In fact she has become a skilled text-messager, an expertise acquired recently thanks to her new friend, her maybe lover, the Character with a capital C, because that’s her only way to communicate with him. She considers for a moment and shakes her head: “No, not even that.” Then she gets carried away on a stray thought: “Ofer, d’you have any idea what SMS stands for?”
He stares at her through the phone. “What? What’d you ask?”
“Could it be ‘Save my Soul’?”
Ofer sighs. “Honestly, Mom, I have no clue.”
She quickly returns from her contemplations. “I’m not taking my cell. I don’t want to be found.”
“Not even by me?” he asks in a suddenly thin, stripped voice.
“Not even you. No one,” Ora replies sadly. The vague notion gains clarity inside her. The whole time he’s there, she cannot be found. That’s the thing. That’s the law. All or nothing, like a kid’s oath, a crazy gamble on life itself.
“But what if something really does happen to me?” he yells, protesting this incomprehensible, shocking disruption of order.
“No, no, nothing will happen to you, I’m telling you, I know it. I just have to disappear for a while, please understand. Actually, you know what? I don’t expect you to understand. Just pretend I took a trip abroad”—like Dad did, she manages not to say.
“Now? Now you’re going abroad? At a time like this? At war?”
He is almost begging, and she moans, and her body and soul are transfixed on one point, on his mouth finding its way to her nipple.
She wrenches her gaze away from that mouth.
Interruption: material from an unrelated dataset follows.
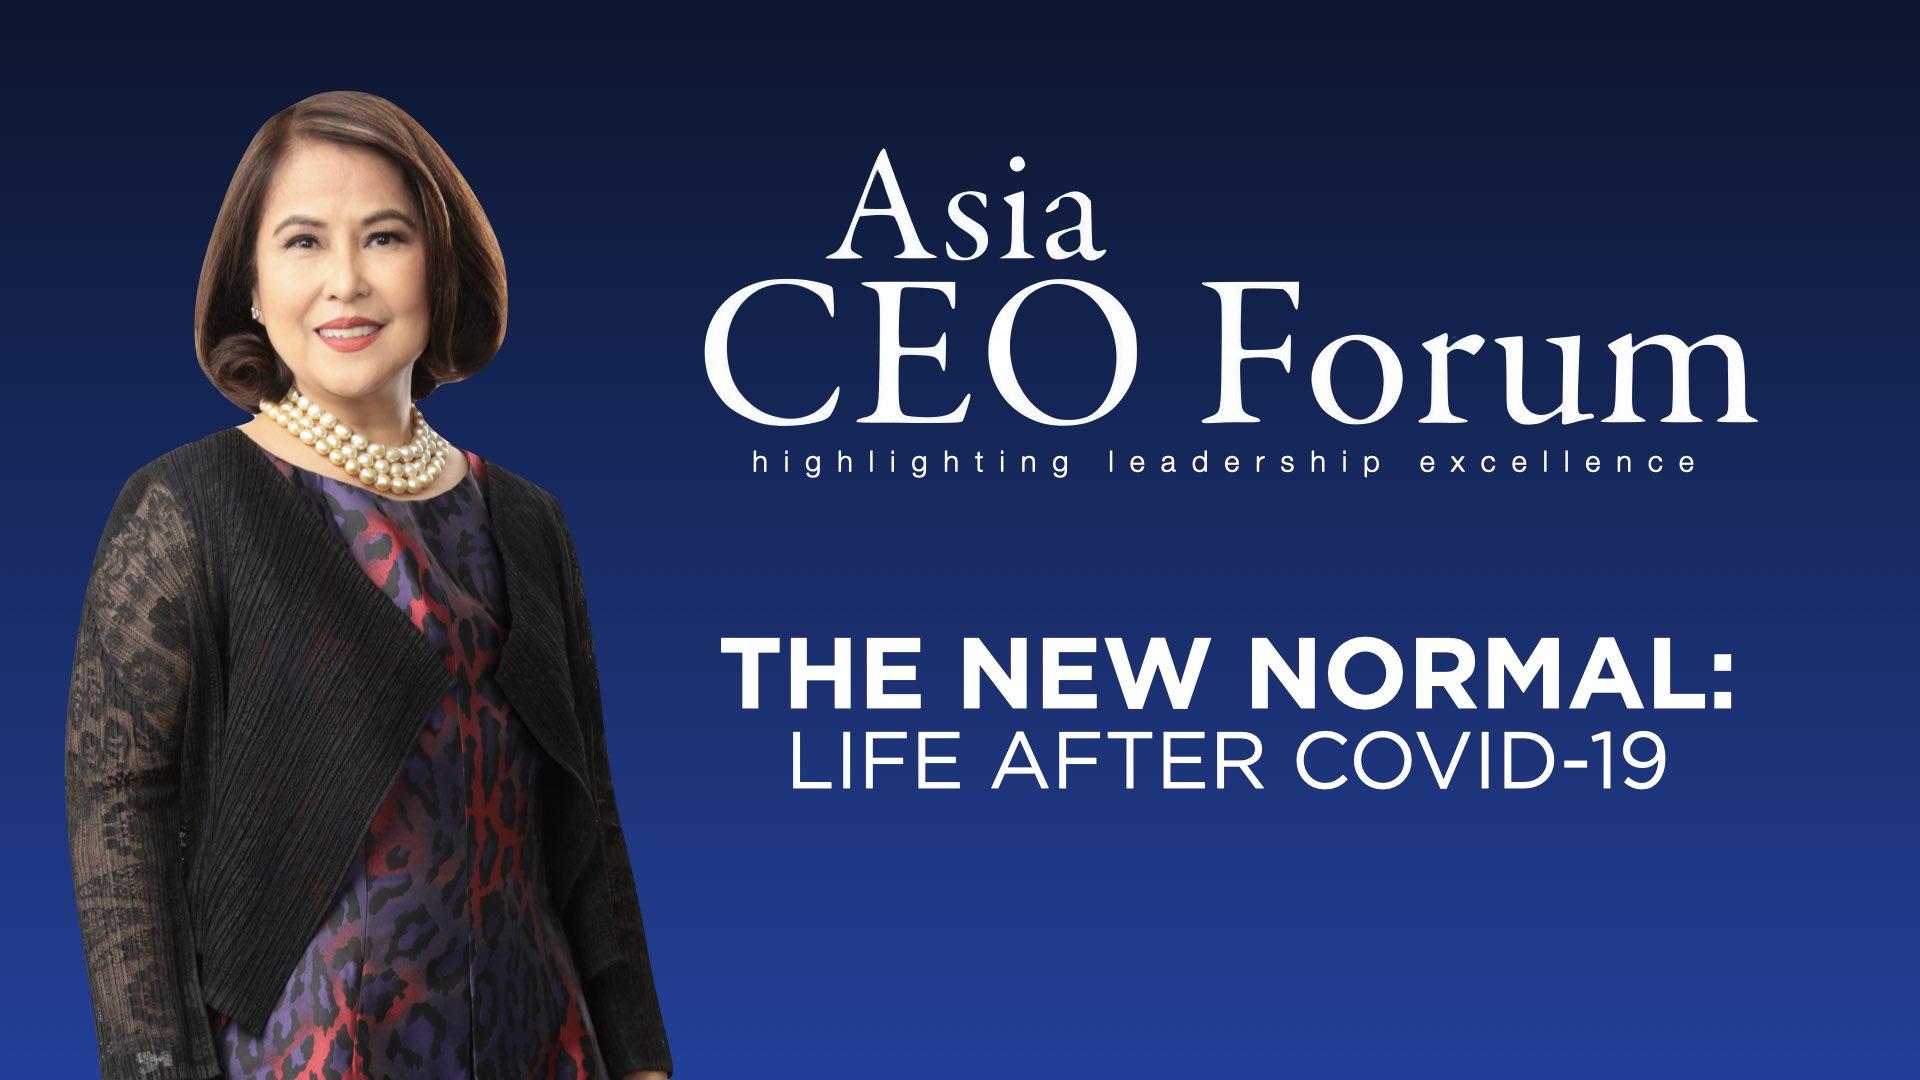 InLife Executive Chairman Nina Aguas on Life After COVID-19

It’s for his own good. She’s leaving him for his own good. But he won’t understand. “I have to go.” She repeats the words again and again like an oath, with a furrowed brow. She is denying him, she is doing this for him, she doesn’t fully understand it either, but she’s feels it strongly—
And how is it that I’m loyal to them, to the ones sending him there — she finally extricates something from the fog in her brain — more than to my motherhood?
“Listen, Ofer, listen to me, don’t shout at me. Listen!” She cuts him off, and something in her voice must frighten him, introducing an unfamiliar coolness of authority. “Don’t fight with me now. I have to leave for a while. I’ll explain it, but not now. I’m doing this for you.”
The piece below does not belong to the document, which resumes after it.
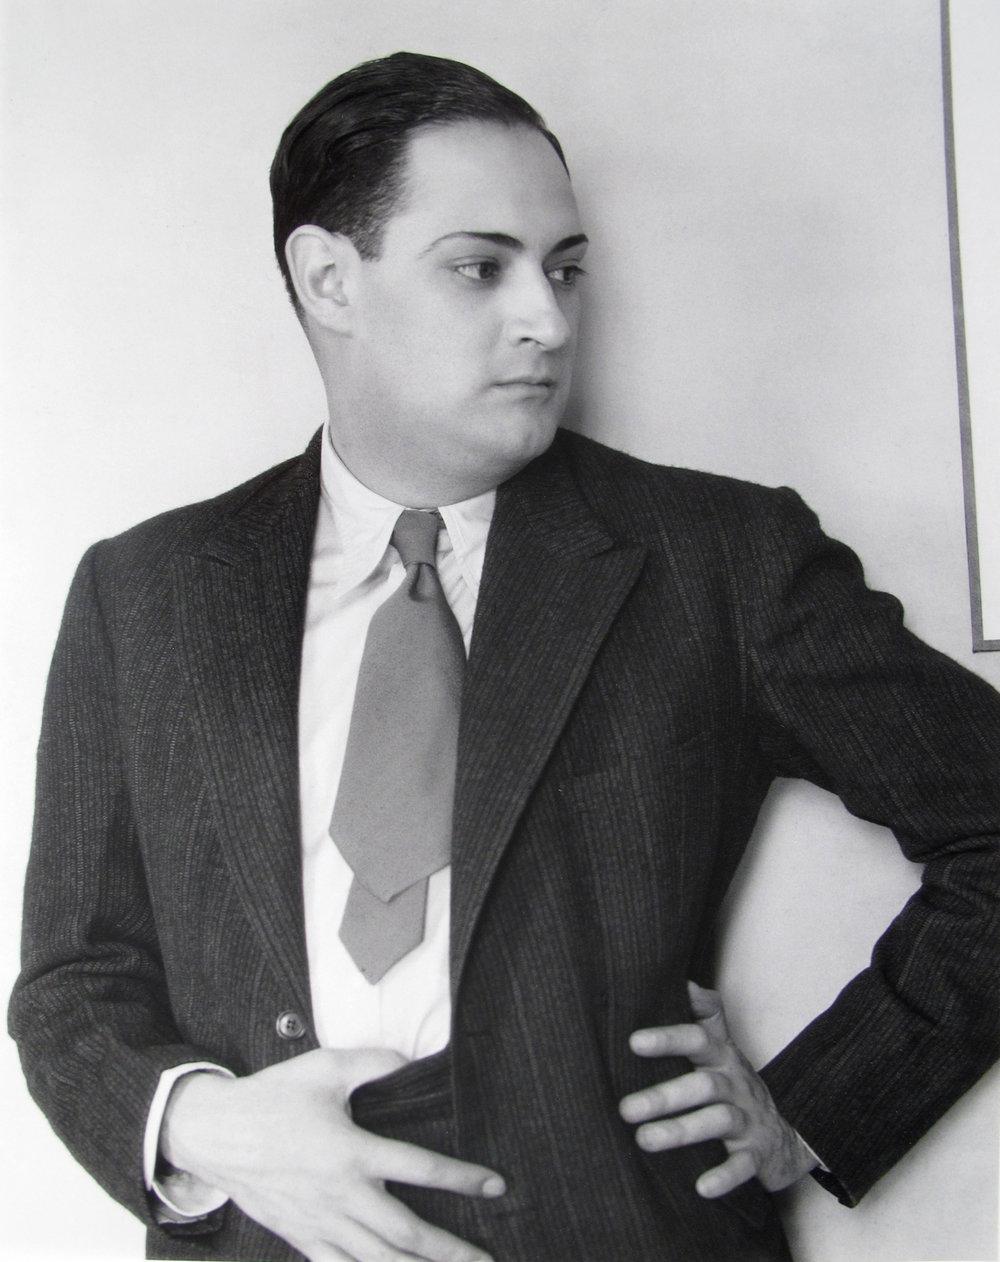 Manuel Alvarez Bravo  Salvador Novo , 1930-40 8 x 10 inches Silver Gelatin Print

“For me? How is it for me?”
She almost says, When you’re older you’ll understand, but in fact she knows it’s the opposite: When you’re younger you’ll understand, when you’re a little boy again, making ridiculous bargains with frightening shadows and nightmares, then maybe you’ll understand.
And now it’s decided. She has to obey this thing that instructs her to get up and leave home, immediately, without waiting even one minute. She cannot stay here. And in some strange and confusing way, this thing seems to be her maternal instinct, which she thought had dulled, and upon which so many doubts had lately been cast.
“Promise me you’ll take care of yourself,” she says softly, trying to hide the rigid decisiveness emerging behind her eyes. “And don’t do anything stupid, d’you hear me? Be careful, Ofer, don’t hurt anyone there, and don’t get hurt, and know that I’m doing this for you.”